On June 24, 2001, President of the United States George W. Bush nominated Young as Assistant Secretary of the Navy (Research, Development and Acquisitions) and he was sworn in on July 17, 2001. He served in this office until November 6, 2005. During his time as Assistant Secretary of the Navy (Research, Development and Acquisitions), Young sought to help contain the research and development and procurement costs of the United States Department of the Navy.
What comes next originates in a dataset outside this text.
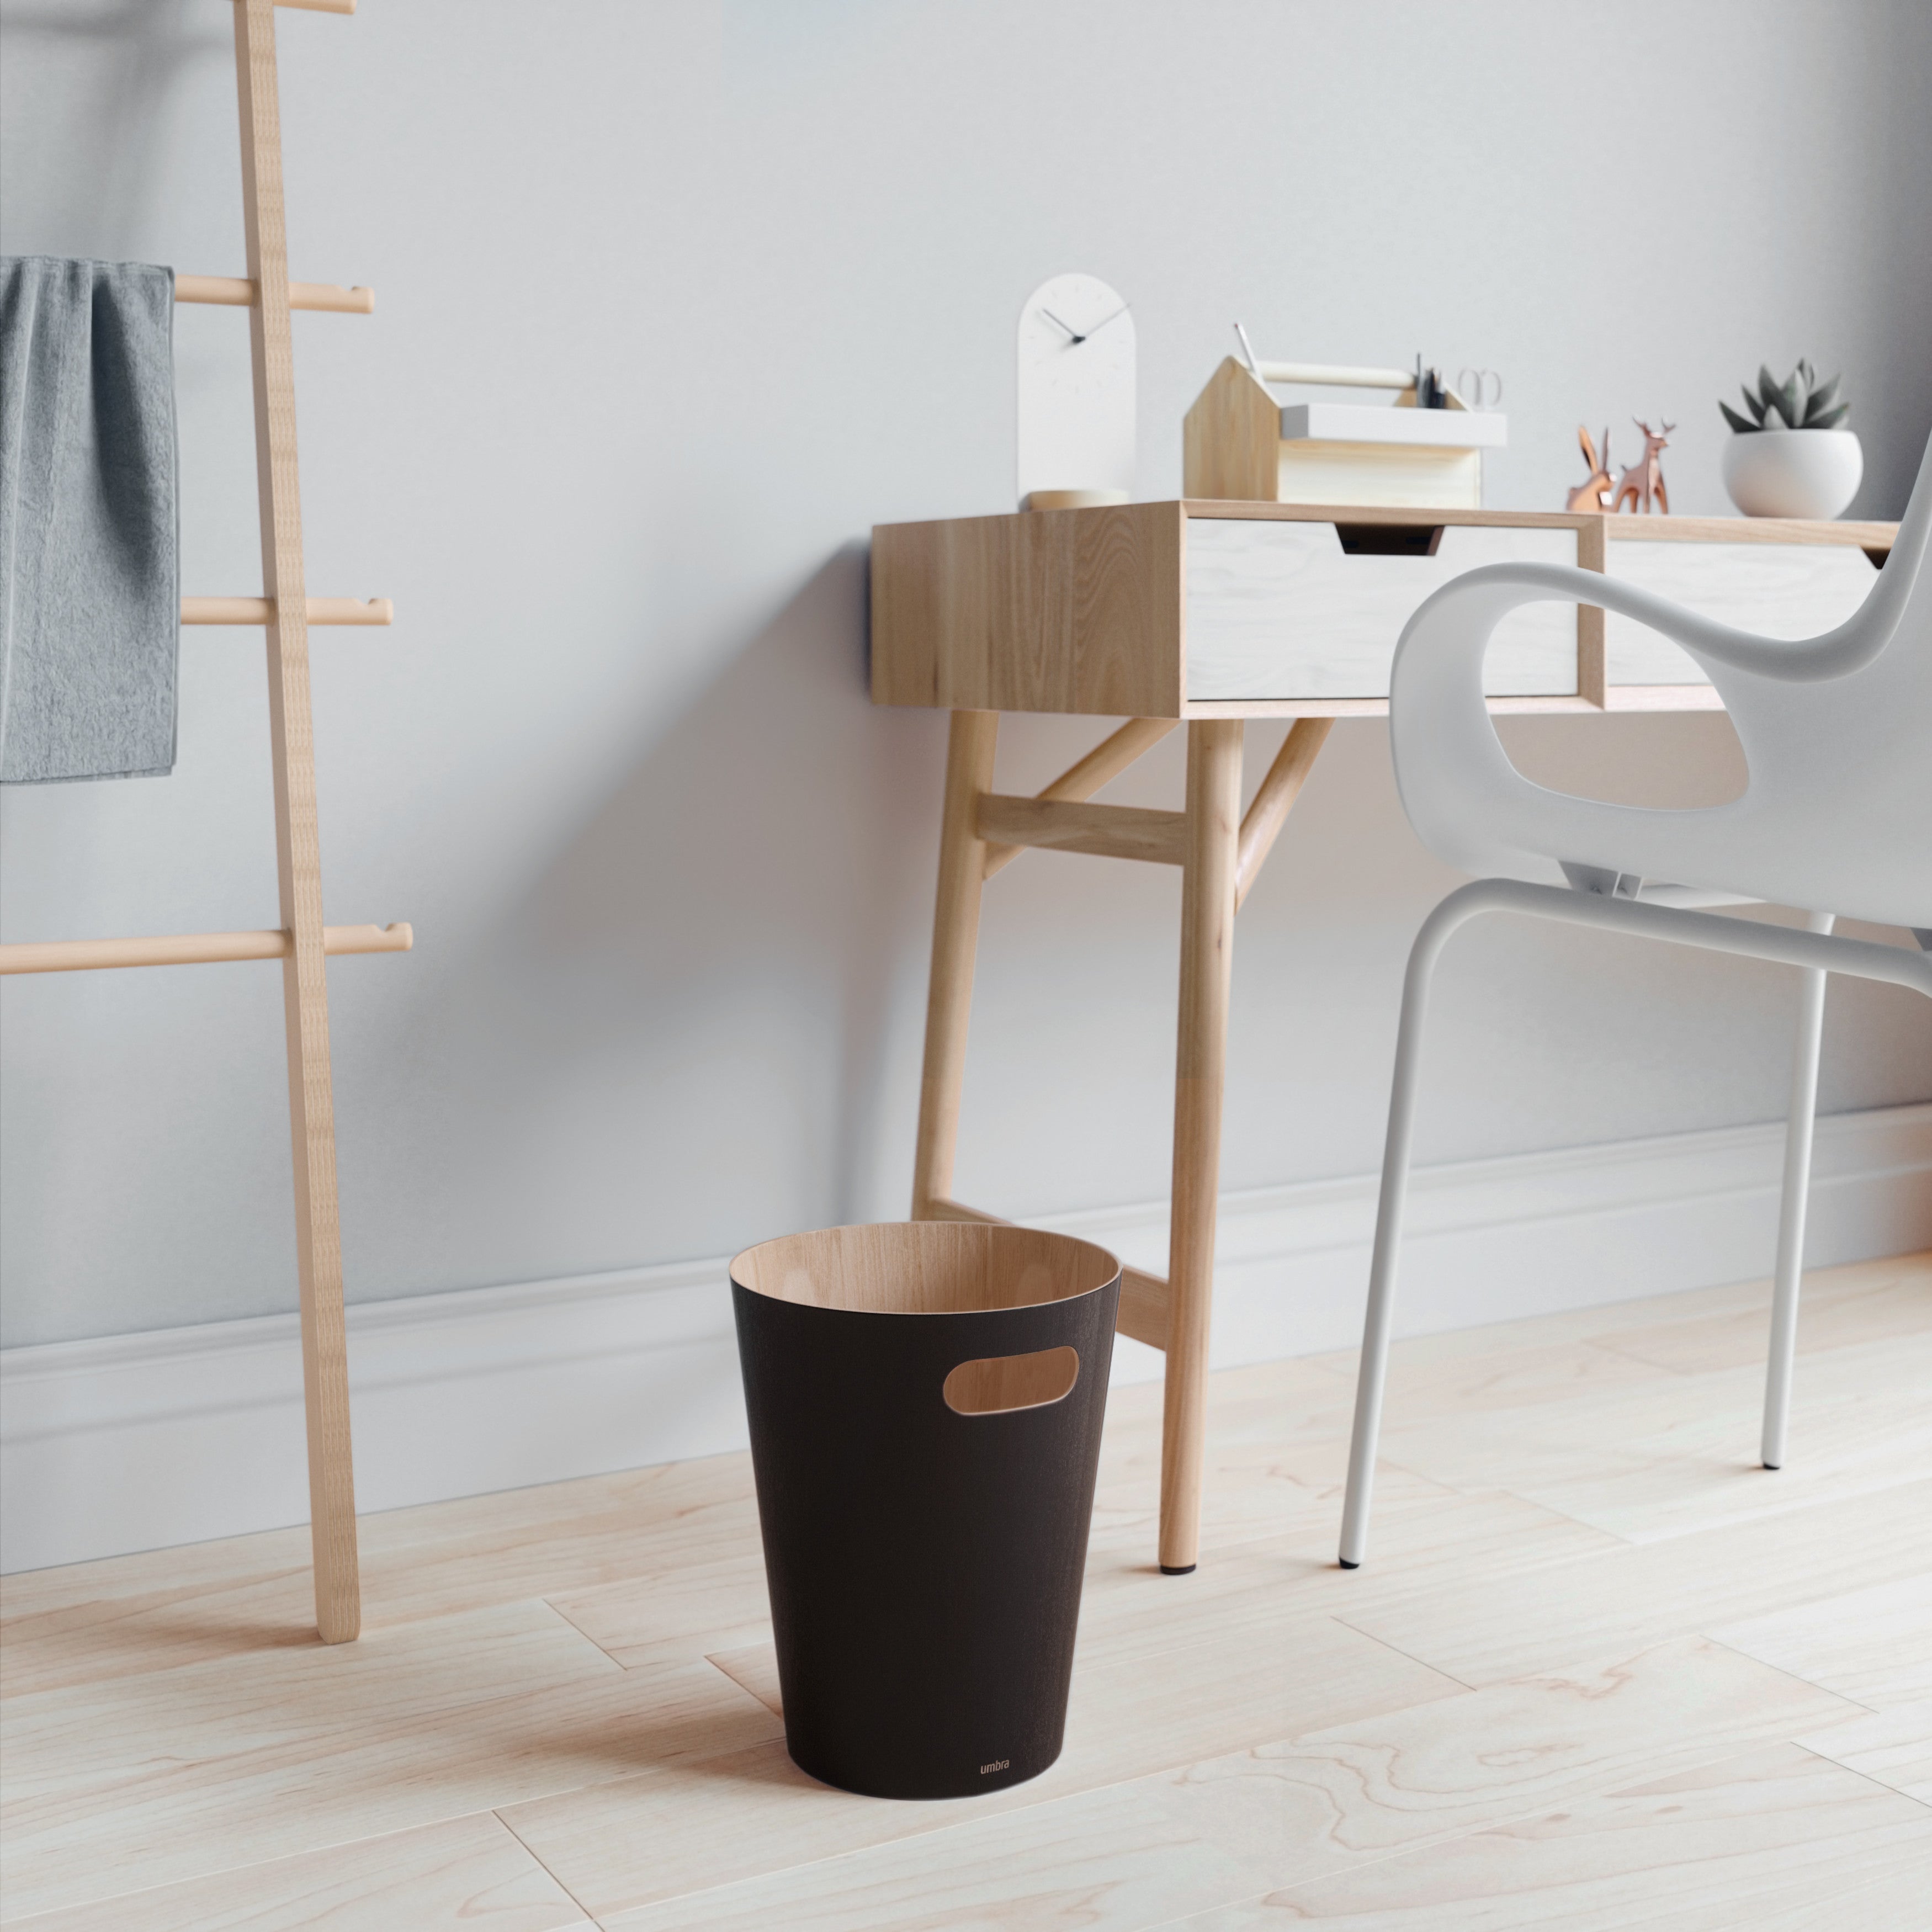 Woodrow Trash Can | Upgrade Your Space with This Modern Waste Can 
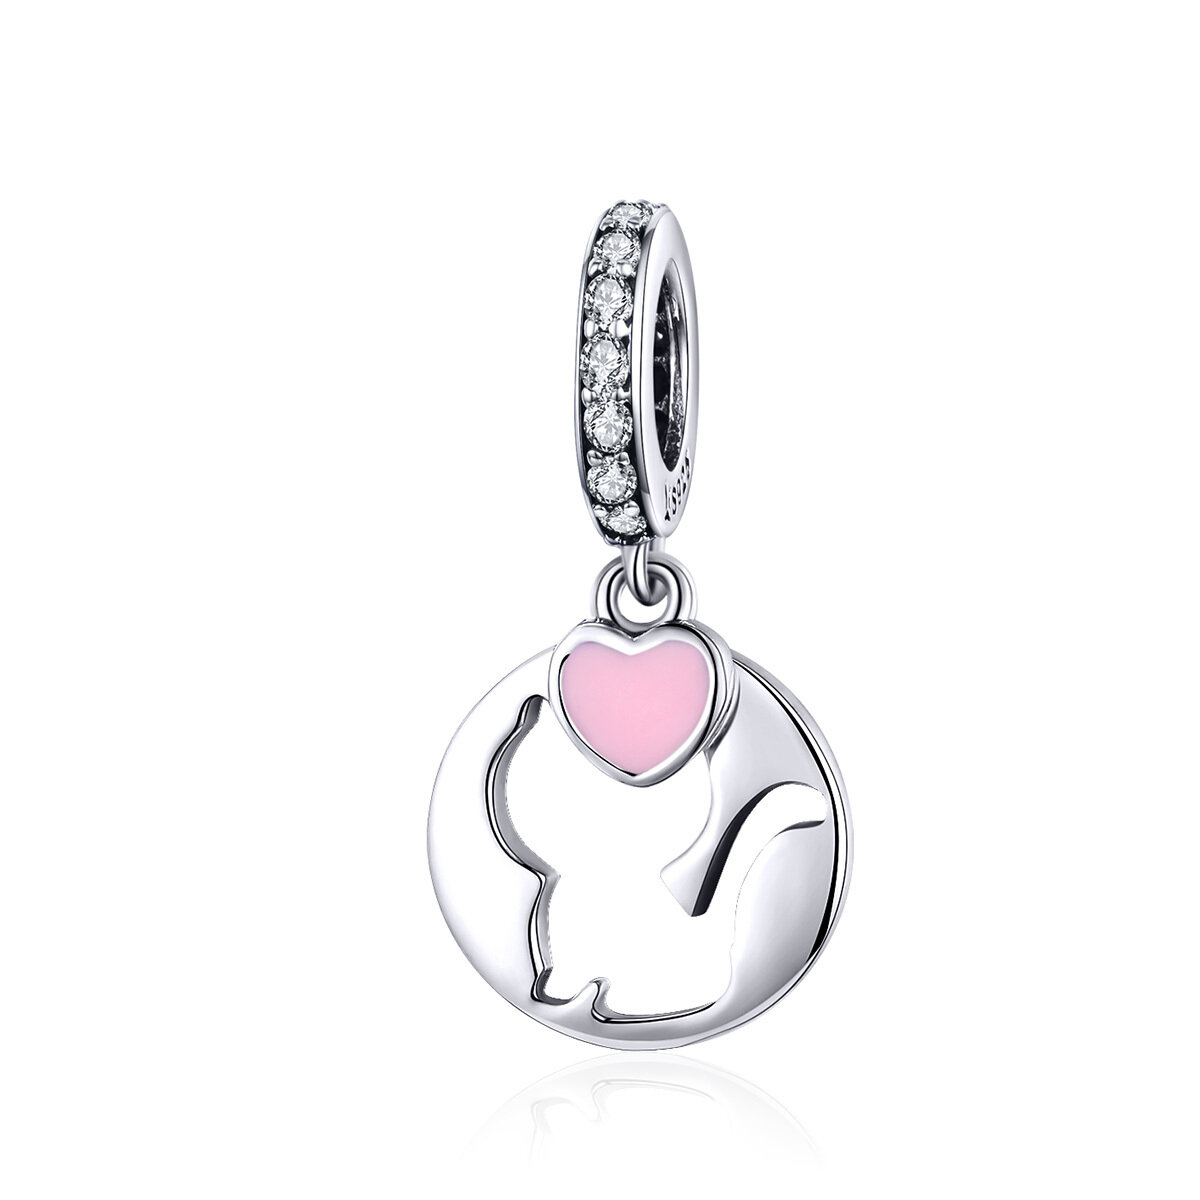 GemKing SCC1140 Happy Kitty S925 Sterling Silver Charm

A supporter of missile defense, he (along with Chief of Naval Operations Admiral Vern Clark and Lieutenant General Ronald T. Kadish), oversaw the transfer of the USS Lake Erie (CG-70) to the Missile Defense Agency; the procurement of the RIM-161 Standard Missile 3; and the modification of Arleigh Burke class destroyers to provide sea-based missile defense. Young began the RIM-174 Standard ERAM program and oversaw the addition of the AIM-120 AMRAAM to the Navy's Standard Missile. He also successfully earned Congressional approval for funding for the first Virginia class submarine. Other major initiatives included awarding contracts to begin construction of Zumwalt class destroyers, the P-8 Poseidon, the Lewis and Clark class dry cargo ships, the VH-71 Kestrel, and the Littoral Combat Ships. With his Air Force counterpart, he approved the Joint Tactical Radio System and the Distributed Common Ground System plan.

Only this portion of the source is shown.